══ Available data ══

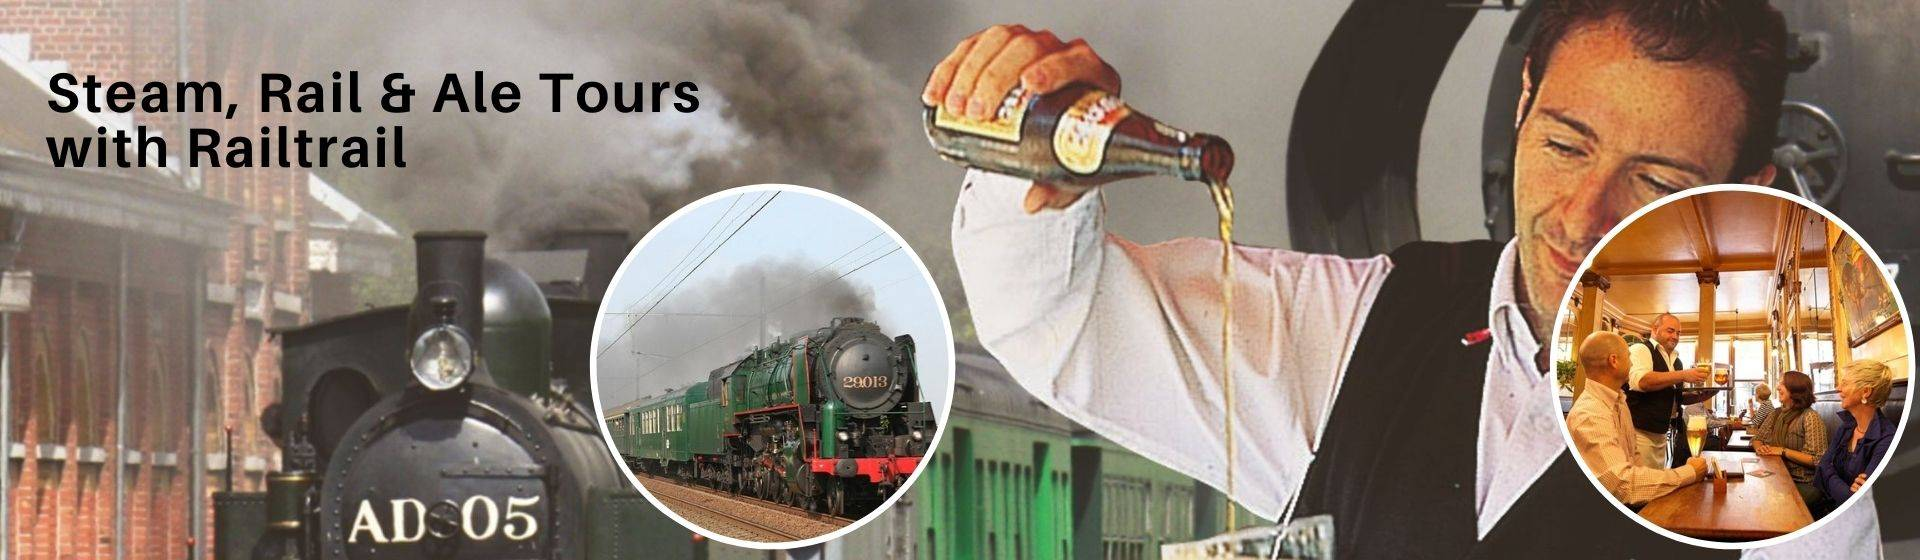 "<img src=""steam,rail&aletourswithrailtrail.jpeg"" alt=""Steam, Rail & Ale Trails""/>"
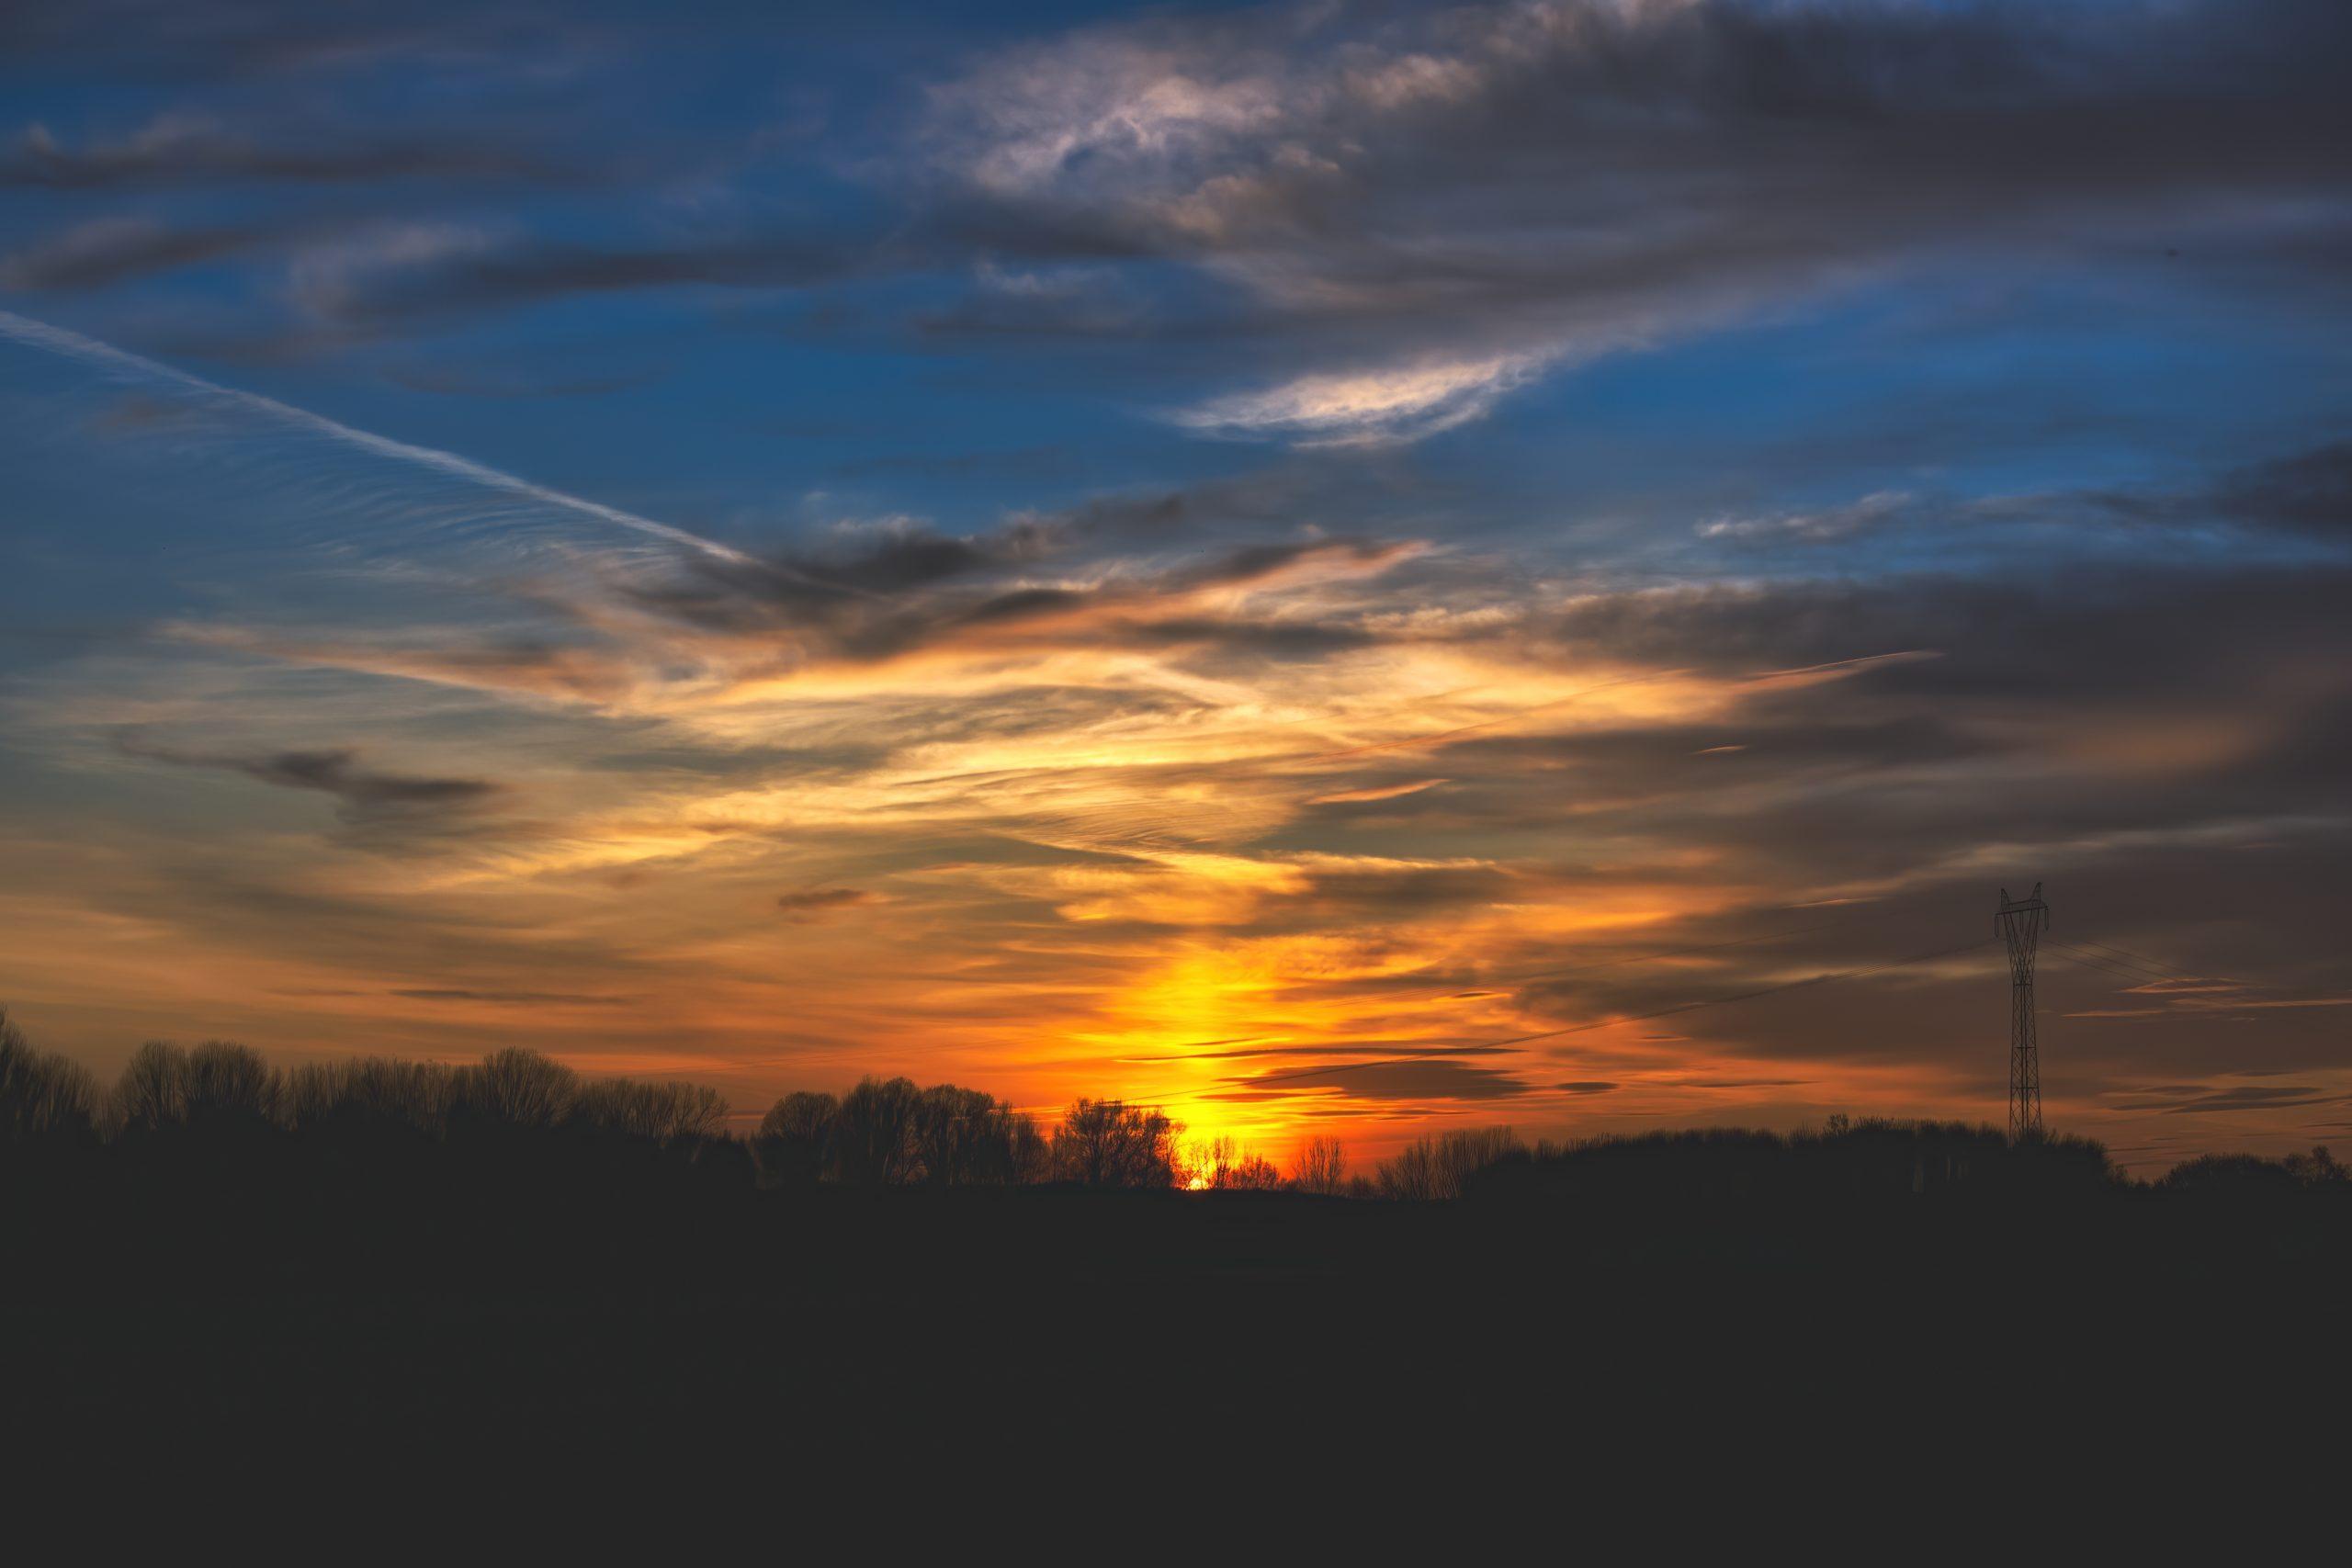 Sunset_2-denoise-denoise
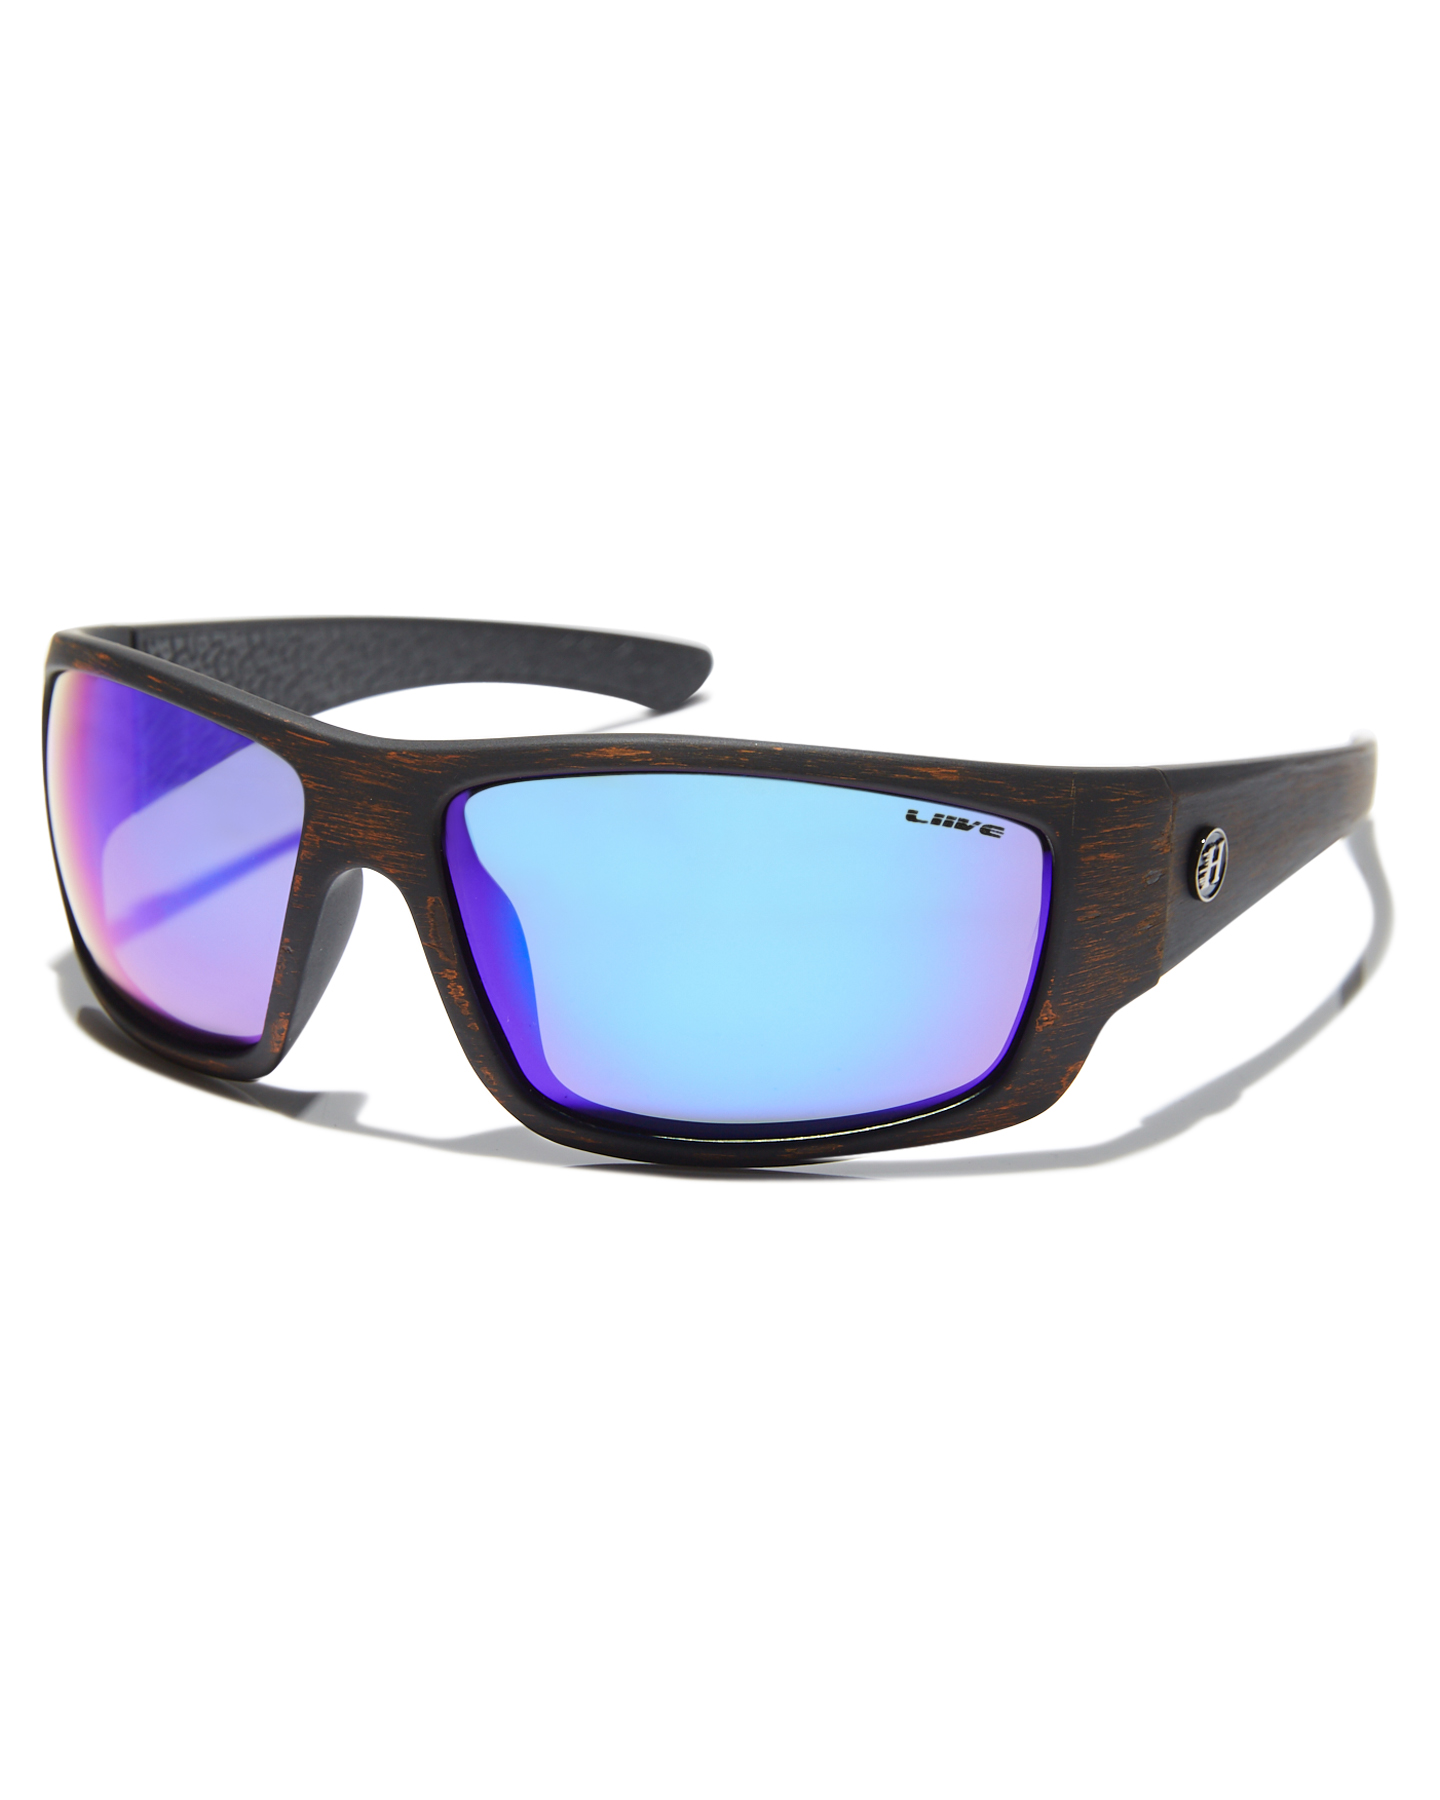 139c21e6187 Liive Vision X Mad Hueys Anchor Polarised Sunglasses Black Wood Mens ...

═══

[To do] What you return should be only the lines from the line with "Sunset_2-denoise-denoise" through the last line of the listing above, exactly, both ends included, pictures excluded.

[Answer to the exercise]
 Sunset_2-denoise-denoise
 139c21e6187 Liive Vision X Mad Hueys Anchor Polarised Sunglasses Black Wood Mens ...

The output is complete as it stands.